We’ve all heard those great stories about well-connected angels and VCs making incredible introductions and changing the course of a young company’s fate. But that effect is multiplied many times over for Google Ventures.

“The No. 1 resource is our networks,” says Carrie Farrell, the GV team’s recruitment chief. Farrell spent the better part of a decade fine-tuning Google’s own recruitment process, and in an industry where finding and hiring engineers and designers has practically become a contact sport, she brings some of the most valuable secret sauce of all to the Google Ventures goulash.

“The value-add is immediate,” she said.
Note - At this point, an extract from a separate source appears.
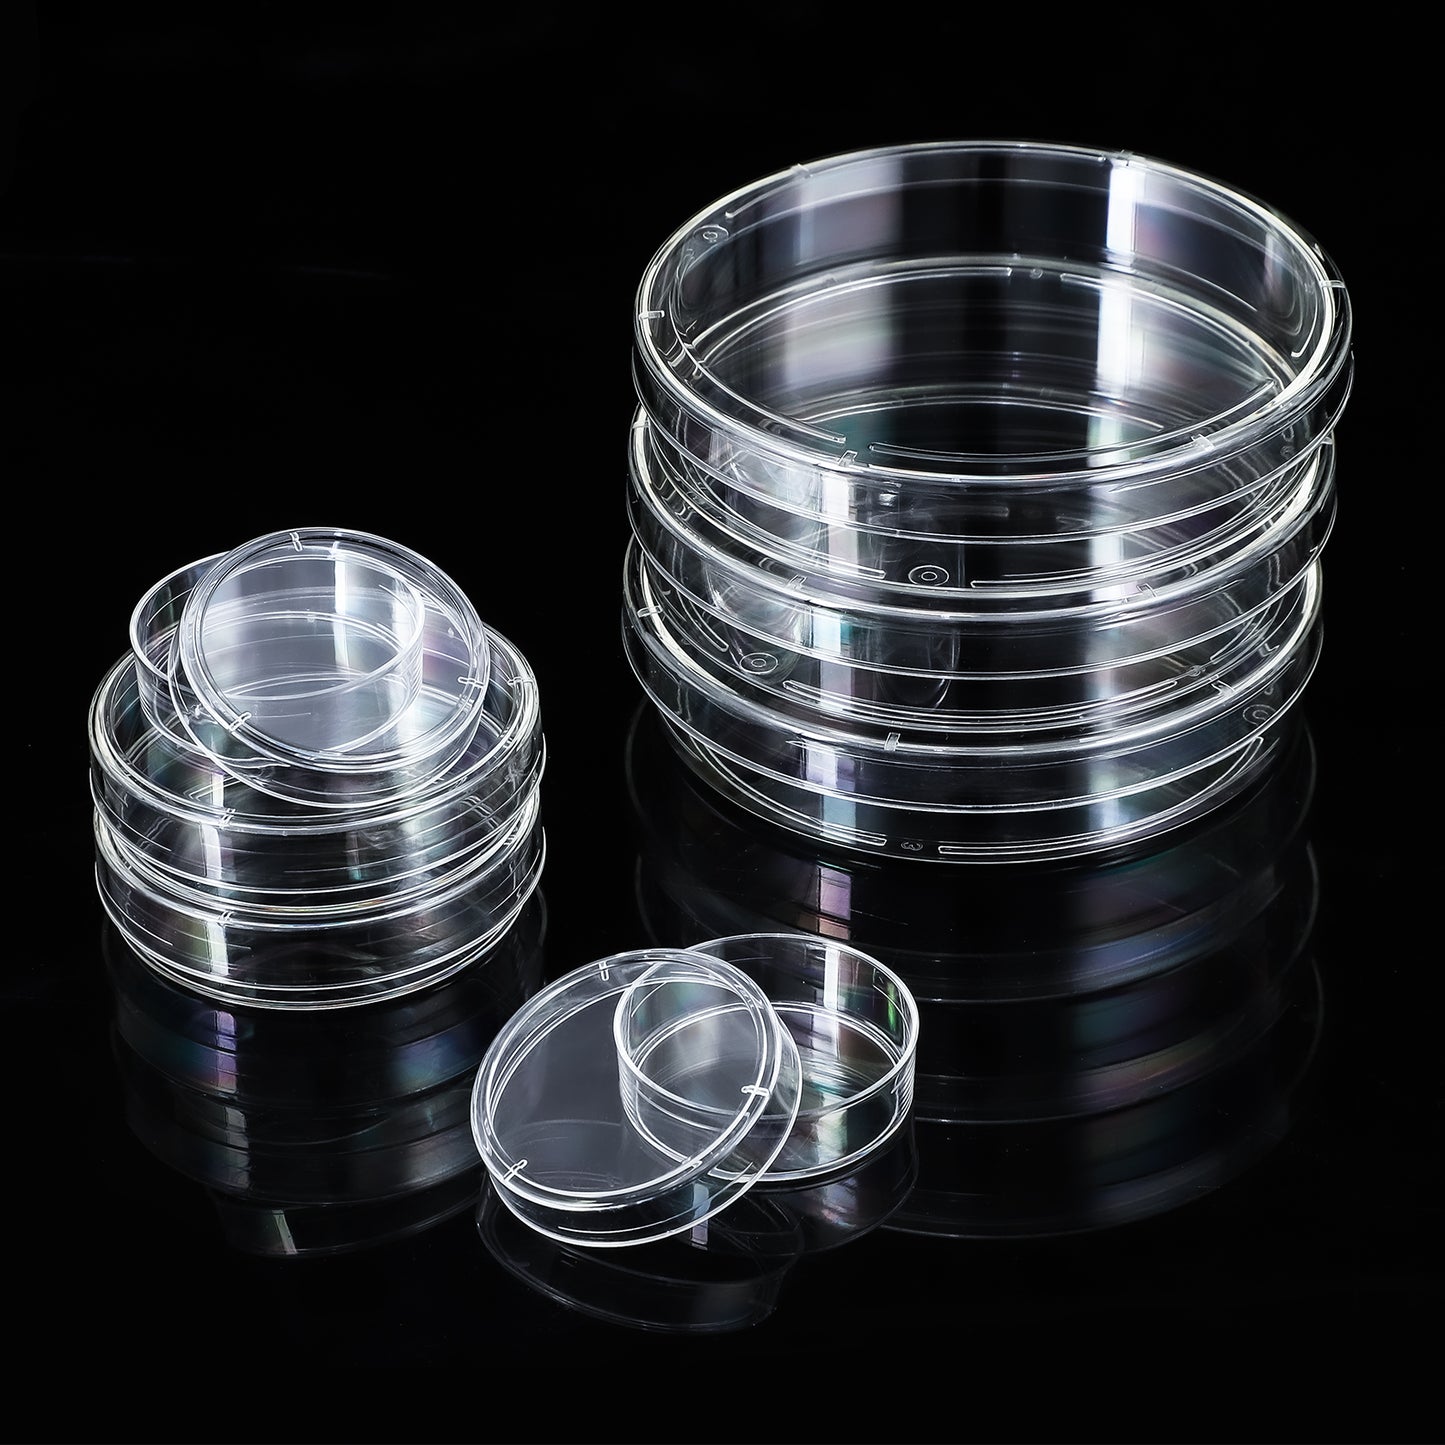 Cell Culture Dish - Four E's USA (A Four E's Scientific Company)

Looking for a Java developer? “We can give a founder 50 Java resumes in a day.”

“Our biggest problem was recruiting,” said another Google Ventures partner, new kid on the block Kevin Rose. His last company, Milk, had closed a round of funding when it hit a hiring snag.

“We’d had an open spot for an engineer for four or five months, and we just couldn’t fill it,” the Digg founder said. “The candidate flow we got [from Google Ventures], you don’t see that at other VC firms. It was unique enough that I decided to open our round up again.”
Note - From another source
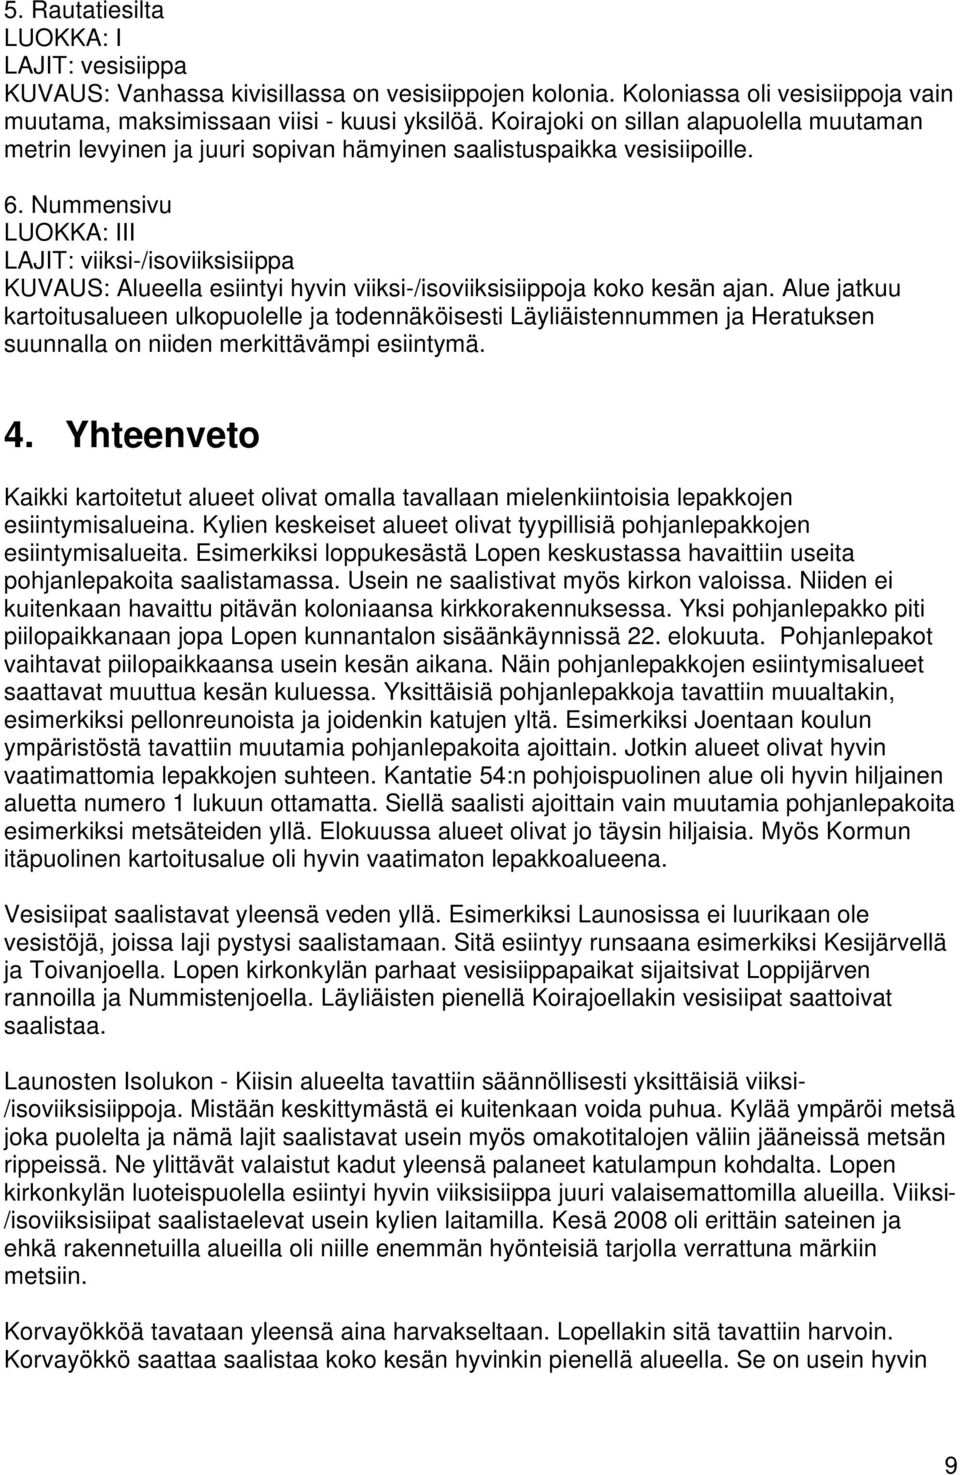 Nummensivu LAJIT: viiksi-/isoviiksisiippa KUVAUS: Alueella esiintyi hyvin viiksi-/isoviiksisiippoja koko kesän ajan.

That kind of power helps a Google-backed company hire its first five employees and then teach the founders how to hire their next 20. The Google Ventures team keeps a close eye on culture to ensure candidates are a good fit for the growing startup, while prevetting design and engineering candidates with veteran Googlers.

Farrell is just one of the all-stars working on the Google Ventures team. Adam Ghobarah is another. A stats Ph.D with a penchant for big data, his presence saves these startups from having to hire a Ph.D of their own “to tell them where the million-dollar mistakes are.”

After all, he said, “You don’t always need a Ph.D to get value out of the data. But these are complicated things, and it helps to have experience.”

Ghobarah said it’s a “dirty secret in the data community” that the quality of data in these big data sets falls apart due to the way it’s gathered by sensors, server logs, and other machines. “You end up finding patterns that aren’t really there.” But he also says that data quality and insights from the info can prevent startups from flashing in the pan, so he and his big-data cohorts work with 100 percent of the firm’s portfolio companies.

As I learn through spending more time with more Google Ventures folks, this is the firm’s method: Do a lot of hands-on, teach-a-man-to-fish work with founders; dig deep into everyone’s vast networks to get the best help that can be found; and keep pumping time and effort into the portfolio companies, willing them to succeed and generate a return for the firm.